La questione è stata sempre presente in ogni dibattito intorno a una possibile composizione del conflitto ucraino, anche se sui giornali ha attirato molto di più l’attenzione il possesso di qualche chilometro quadrato. Ma proprio in questi giorni il nodo degli asset russi congelati dai paesi occidentali è tornato all’attenzione generale, per quel che si è detto a Bruxelles e per la risposta di Mosca.
Nel recente discorso sullo Stato dell’Unione, Ursula von der Leyen ha espresso una volontà chiara: “dobbiamo lavorare urgentemente a una nuova soluzione per finanziare lo sforzo bellico dell’Ucraina sulla base dei beni russi immobilizzati”. Non la confisca, per ora esclusa anche dalla presidente della Commissione UE, ma un salto di qualità nell’utilizzo degli asset contro la stessa Russia.
Ricordiamo che, concretamente, si sta parlando di circa 300 miliardi di beni, di cui la maggior parte è gestita dalle società di servizi finanziari Euroclear (Belgio) e Clearstream (Lussemburgo). Il G7 aveva già deciso, lo scorso ottobre, di utilizzare i “proventi straordinari” generati da tali asset per finanziare un prestito da 50 miliardi di dollari a Kiev.
Lo scorso maggio si era pure arrivati ad alcune indiscrezioni secondo cui Euroclear, detentrice di circa due terzi dei beni russi, era pronta a distribuirne l’equivalente di 3 miliardi ad investitori occidentali che avevano subito perdite legate alla guerra ucraina. Con l’Ucraina stessa che aveva storto il naso, considerando di diritto quei fondi e i loro proventi come propri.
A fronte di tali notizie, questa volta il Cremlino ha deciso di rispondere in maniera più articolata, facendo capire di poter ripagare con la stessa moneta l’Occidente. L’agenzia statale di informazione Ria Novosti ha infatti pubblicato una dettagliata analisi che individua circa 285 miliardi di assets di proprietà occidentale in Russia, di cui 238 sarebbero legati alla UE.

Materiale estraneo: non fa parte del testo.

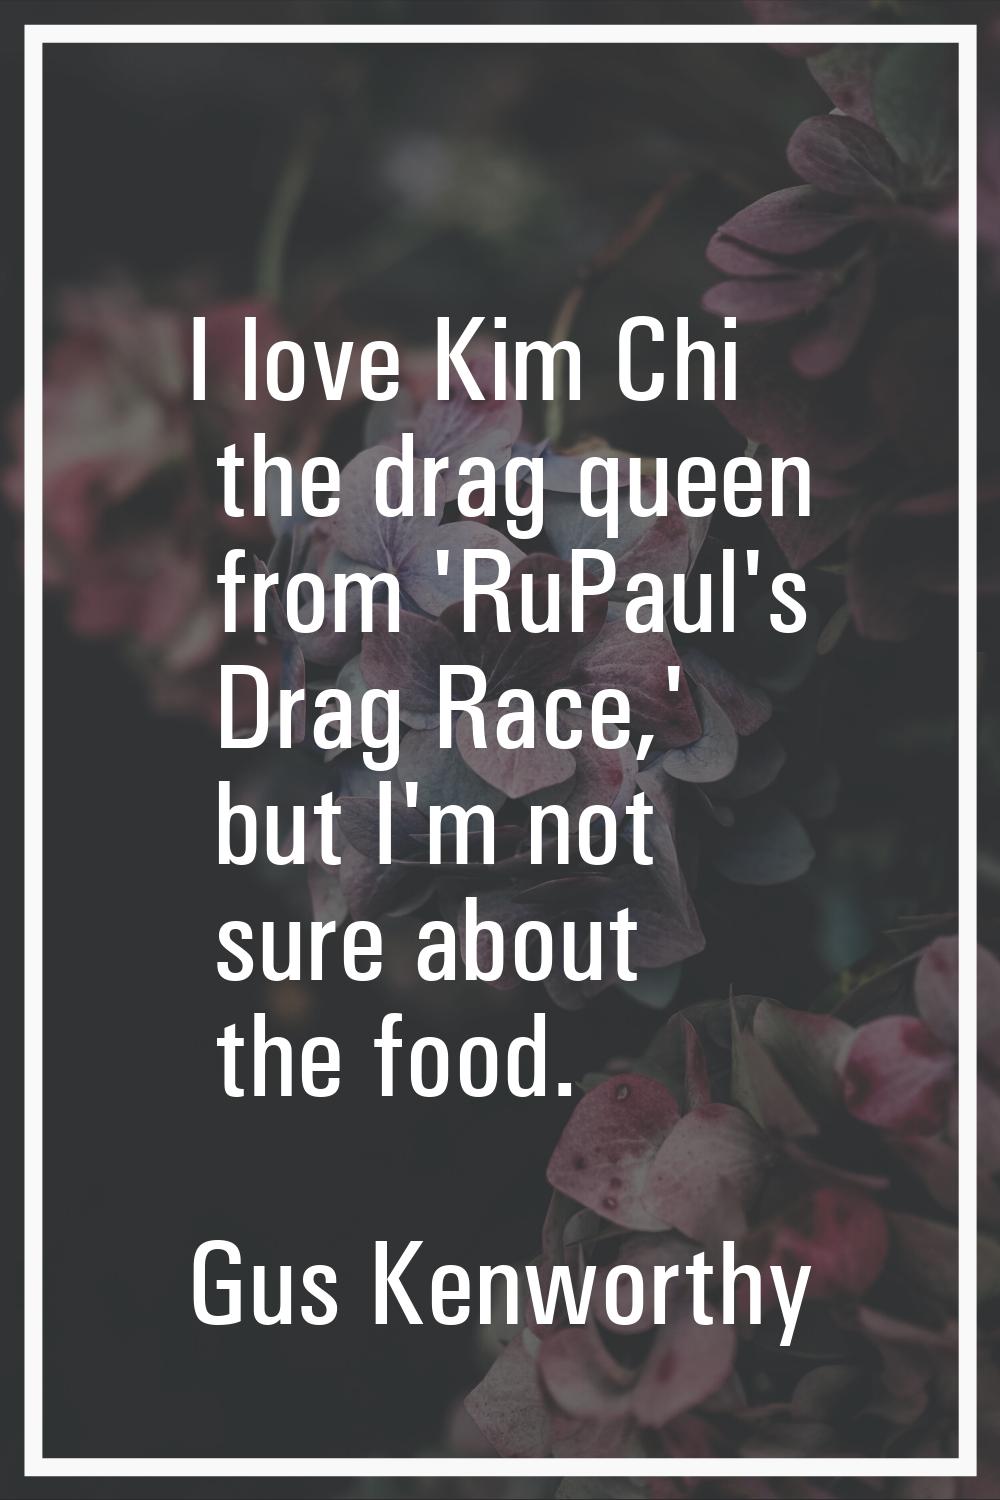 I love Kim Chi the drag queen from 'RuPaul's Drag Race,' but I'm not sure about the food.

Già a gennaio 2024 era stata fatta una valutazione simile, ma è evidente che ora i dati sono stati studiati più approfonditamente. Il giornale economico russo Kommersant ha calcolato che la Francia ha in Russia 21,7 miliardi, la Germania 19,2, i Paesi Bassi 20,8, l’Italia 12,6, e altri paesi dell’UE circa 11,5 miliardi. Il Regno Unito si ferma a soli 3 miliardi.

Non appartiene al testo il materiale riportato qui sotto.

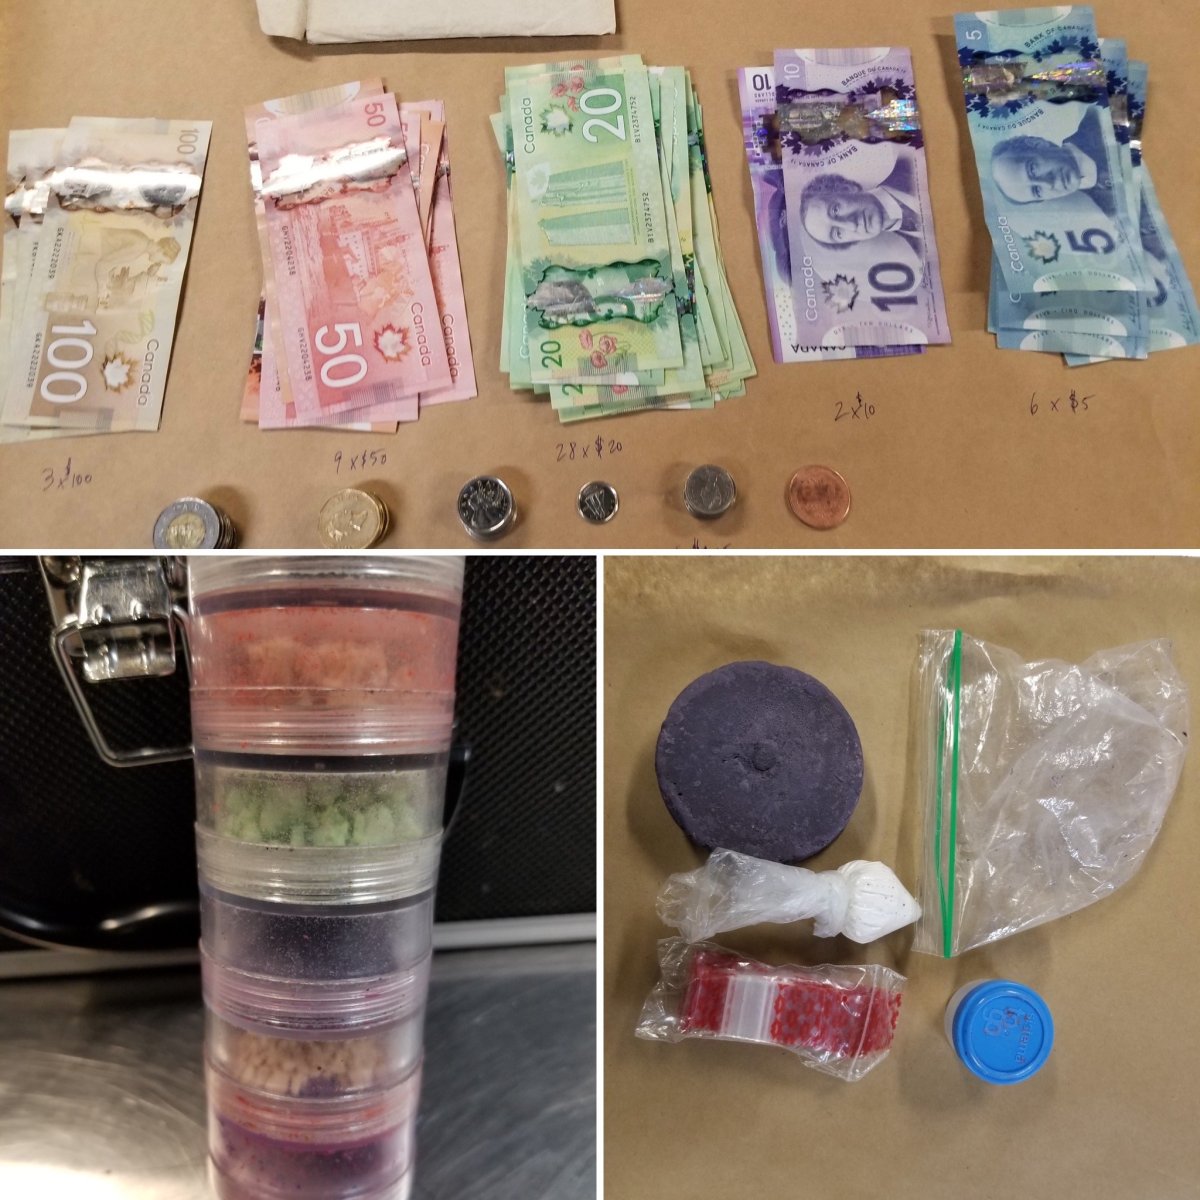 Lake Country RCMP said during a search of the vehicle, significant quantities of suspected illicit drugs were seized, including fentanyl, methamphetamine and cocaine.

Gli Stati Uniti, dal canto loro, sono il maggiore investitore del G7 in Russia, al di fuori del Vecchio Continente: sono stimati 7,7 miliardi di dollari. Seguono Giappone (4,8) e Canada (3,9). Ma sempre Kommersant sottolinea come il volume effettivo dei fondi da congelare possa essere di gran lunga maggiore, dato che alcune informazioni su determinati tipi di conti non vengono pubblicate.
Rimane il nodo Cipro. All’isola del Mediterraneo andrebbero fatti risalire ben 145,4 miliardi di dollari dei beni citati da Ria Novosti. Cipro è stata la porta d’accesso al mercato comunitario per molte società russe, e dunque, in realtà una parte significativa di tale somma potrebbe essere a tutti gli effetti appartenente a investitori russi.
Allo stesso tempo, Nicosia ha congelato sul proprio territorio solo 1,9 miliardi di dollari. Inoltre, il Cremlino ha proceduto, dal febbraio 2022, alla nazionalizzazione di vari asset, stranieri e non, per un valore di circa 50 miliardi di dollari. Il messaggio è chiaro: la Russia è pronta a ripagare con la stessa moneta l’Occidente, nel caso si avventurasse sulla strada della confisca.